_What the task asks_
Give back the full listing verbatim, apart from its images.

_Supplied material_
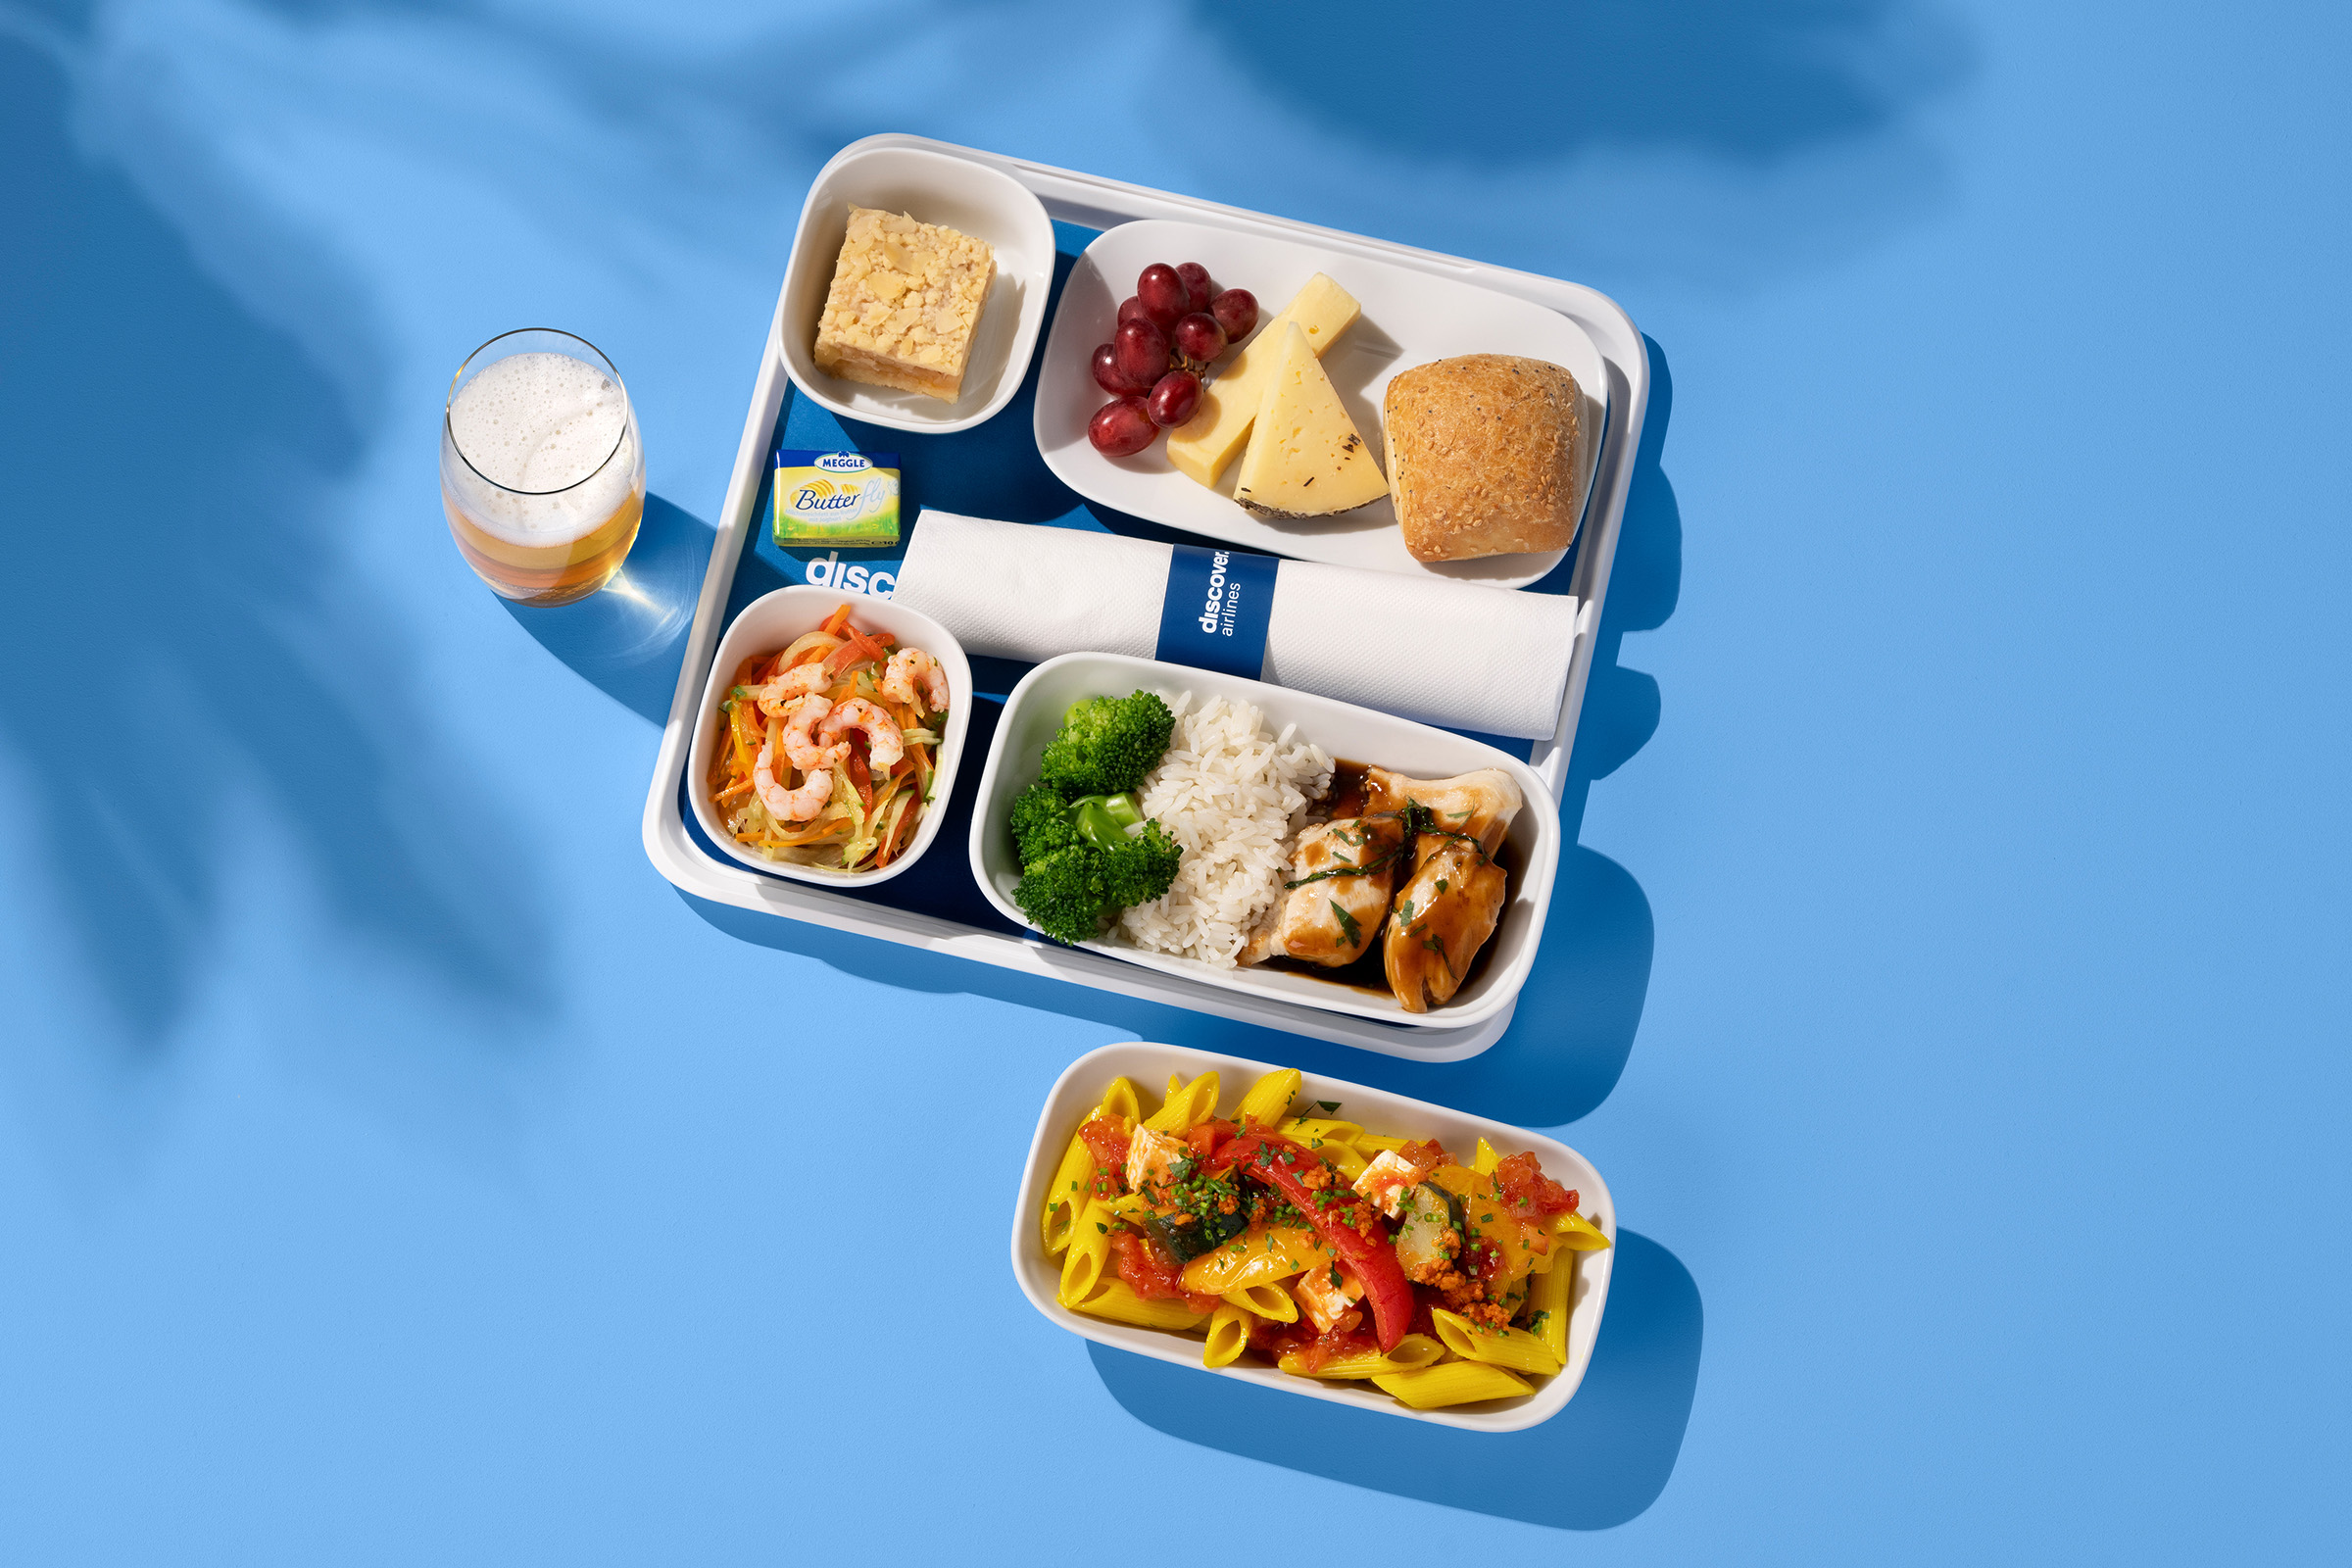 Premium Economy Class meal on long-haul flights
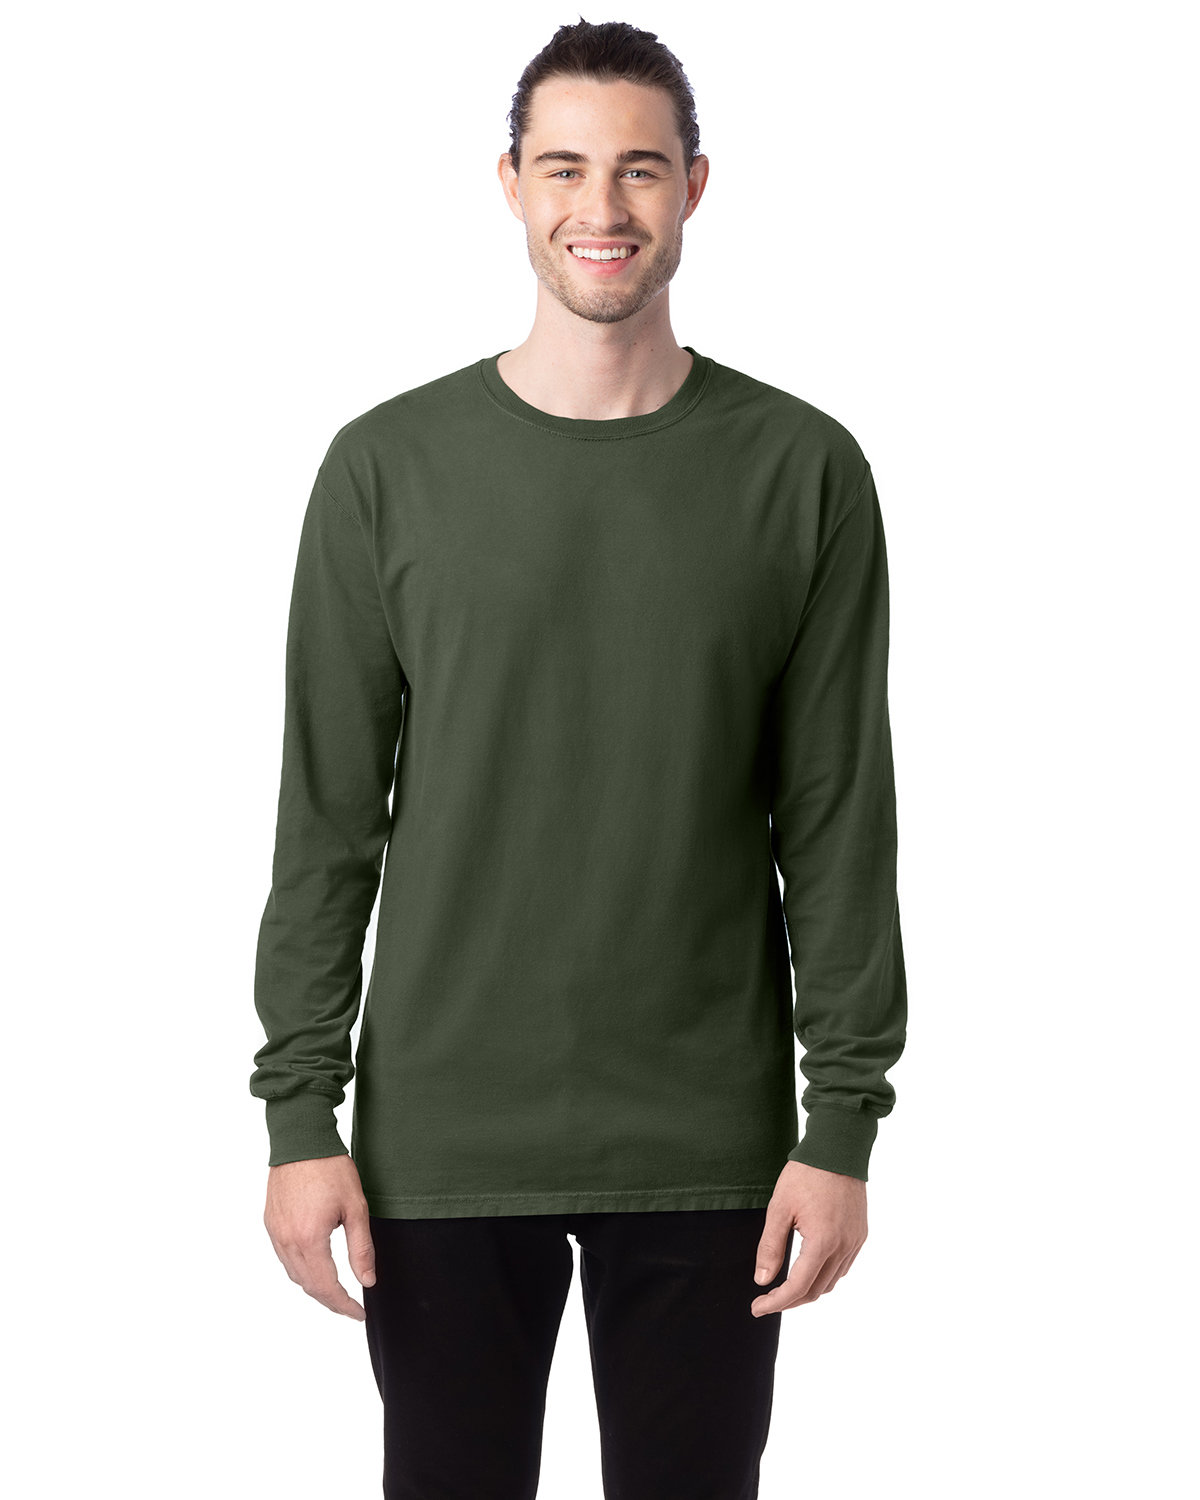 ComfortWash by Hanes Unisex Garment-Dyed Long-Sleeve T-Shirt MOSS 
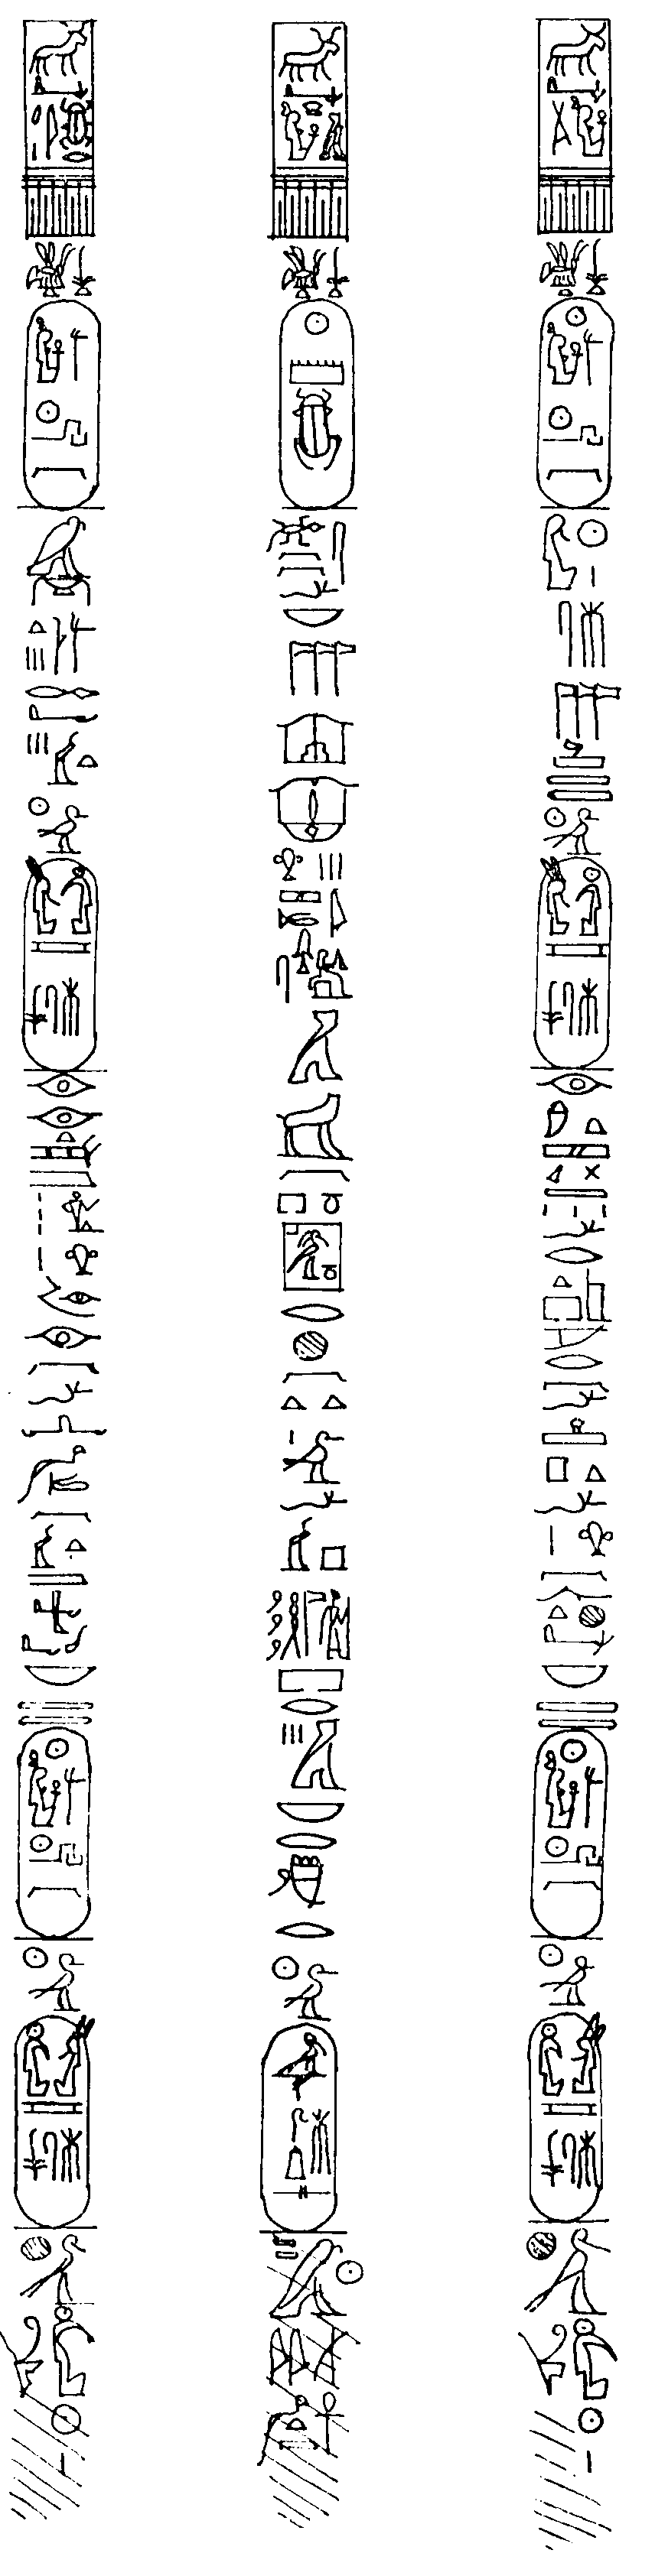 Hieroglyphics at South Face

_Output_
 Premium Economy Class meal on long-haul flights
 ComfortWash by Hanes Unisex Garment-Dyed Long-Sleeve T-Shirt MOSS 
 Hieroglyphics at South Face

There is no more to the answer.